Kai-Fu Lee has written a short and smart speculation on the effects of AI, The Real Threat of Artificial Intelligence . To summarize his argument:

  • AI is not going to take over the world the way the sci-fi stories have it.
  • The effect will be on tasks as AI takes over tasks that people are paid to do, putting them out of work.
  • How then will we deal with the unemployed? (This is a question people asked in the 1960s when the first wave computerization threatened massive unemployment.)
  • One solution is “Keynesian policies of increased government spending” paid for taxing the companies made wealthy by AI. This spending would pay for “service jobs of love” where people act as the “human interface” to all sorts of services.
  • Those in the jobs that can’t be automated and that make lots of money might also scale back on their time at work so as to provide more jobs of this sort.


So far the essay follows a fairly well worn path, one followed by speculation in the 1960s about how we had to get better at leisure. Where Lee gets interesting is in his reflections on the globalization of this trend.

  • AI businesses tend to concentrate, especially big-data driven AI, so there will be fewer and fewer that are more and more globally dominant.
  • The dominant AI businesses will be in the US and China. The US will specialize in the developed world and China in the developing world. What happens to other countries with no rich AI businesses to tax in order to employ the unemployed?
  • Countries that have decreasing populations will have an advantage as they will have fewer unemployed to deal with.
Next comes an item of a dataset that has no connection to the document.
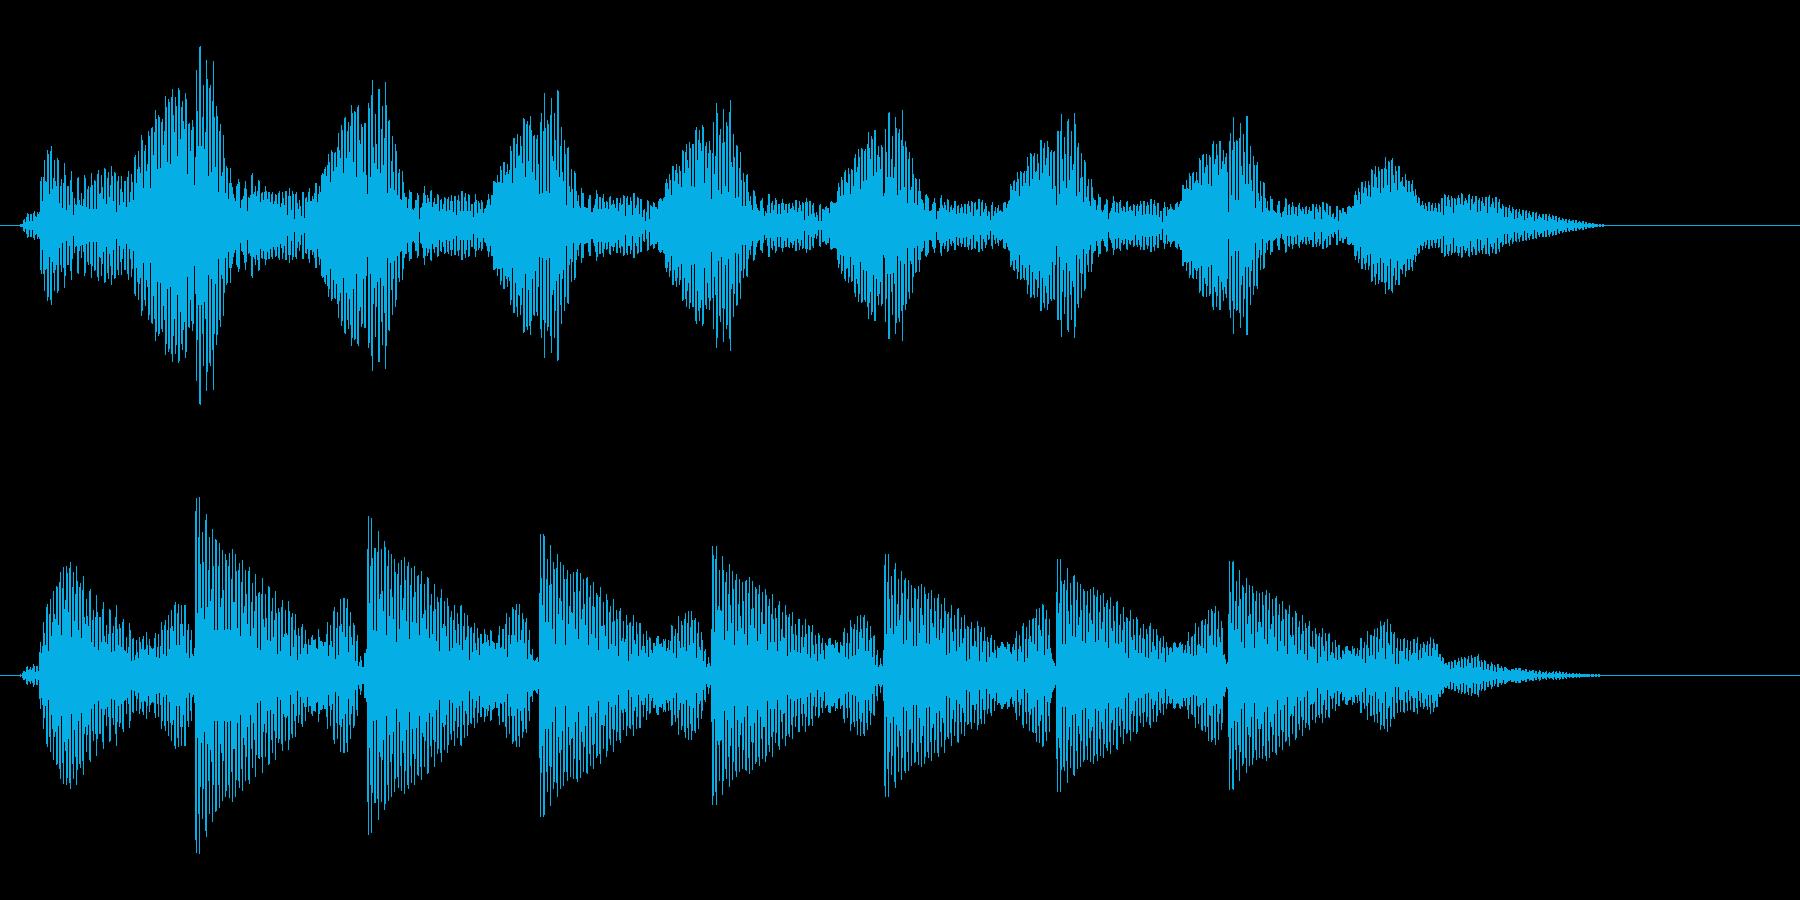 タタタタタタという文字の打ち込み音の再生済みの波形

Large and growing populations will become an economic disadvantage.
  • The countries without the profitable businesses and with growing businesses will end up dependent on the few (US and China) wealthy countries that will lead to a new global order.

So if most countries will not be able to tax ultra-profitable A.I. companies to subsidize their workers, what options will they have? I foresee only one: Unless they wish to plunge their people into poverty, they will be forced to negotiate with whichever country supplies most of their A.I. software — China or the United States — to essentially become that country’s economic dependent, taking in welfare subsidies in exchange for letting the “parent” nation’s A.I. companies continue to profit from the dependent country’s users. Such economic arrangements would reshape today’s geopolitical alliances.